И тут мимолетно выражение лица Гэнси изменилось; она попала в яблочко. Его убивало быть здесь.
— Опять же, почему ты не привез второго? — поинтересовалась Хелен. Но прежде чем Гэнси смог бы ответить, кто-то еще попался ей на глаза, и она позволила себе смыться так же стремительно, как и возникла.
— Какая ужасная мысль, — внезапно произнес Гэнси. — Ронан посреди этой толпы.
На какое-то мгновение Адам смог это представить: парчовые шторы в затухающем пламени, декорированный камерный ансамбль, кричащий из-под клавесина, и Ронан, стоящий посреди этого всего со словами: «Сраный Вашингтон».
Гэнси сказал:
— Готов к следующему раунду?
Этот вечер никогда не кончится.
Но Адам продолжал наблюдать.
Он сглотнул имбирный эль. Он не был уверен, что это, на самом деле, было уже не шампанское. Вечеринка превращалась в дьявольский пир: блуждающие огоньки отражались в медных качающихся лампах, невозможно яркое мясо преподносилось на увитых плющом тарелках, мужчины в черном, женщины с ювелирными украшениями в зеленом и красном. Нарисованные на потолке деревья низко склонялись над головами. Адам был напряжен и опустошен здесь и где-либо еще. Все было ненастоящим, кроме него и Гэнси.

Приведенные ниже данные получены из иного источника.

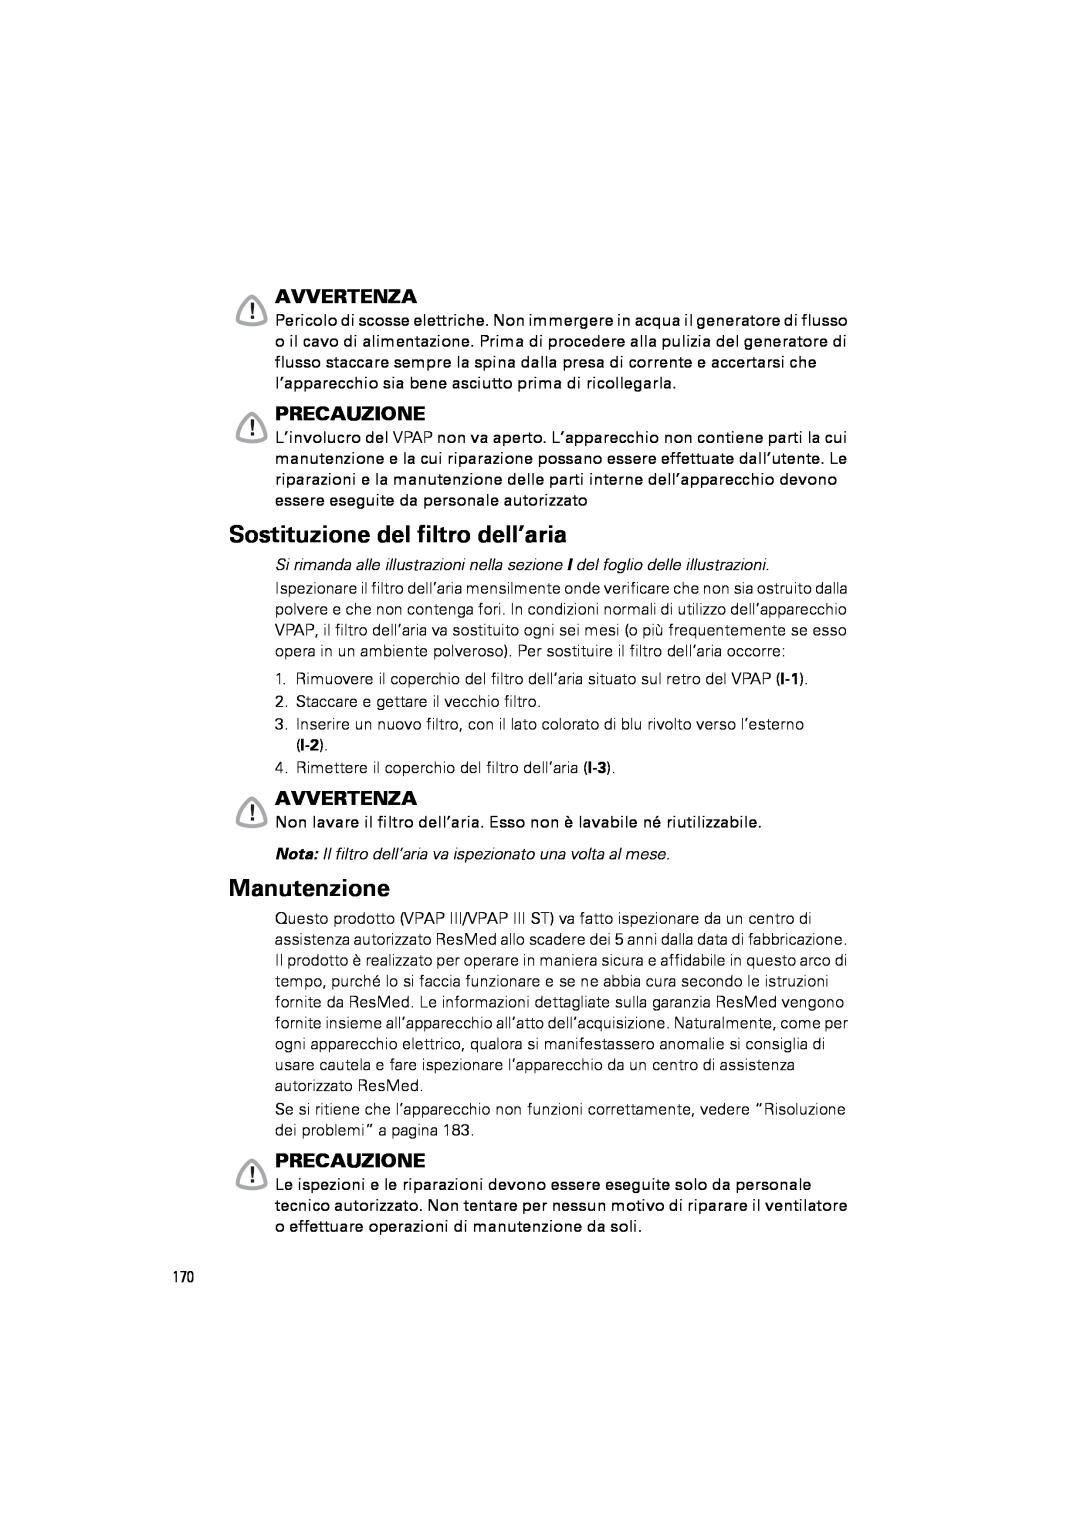 ResMed III & III ST user manual Sostituzione del filtro dell’aria, Manutenzione, Avvertenza, Precauzione

Перед ним была женщина, разговаривающая с матерью Гэнси. Каждый, кто ловил Гэнси, также разговаривал с его матерью или просто пожимал ее руку, или улавливал ее движение между одетыми в темное посетителями. Это была тщательно продуманная политическая игра, где его мать исполняла роль любимого, но исключительного призрака; несмотря на то, что все припоминали, что видели ее, никто не мог фактически назвать ее местонахождение в определенный момент.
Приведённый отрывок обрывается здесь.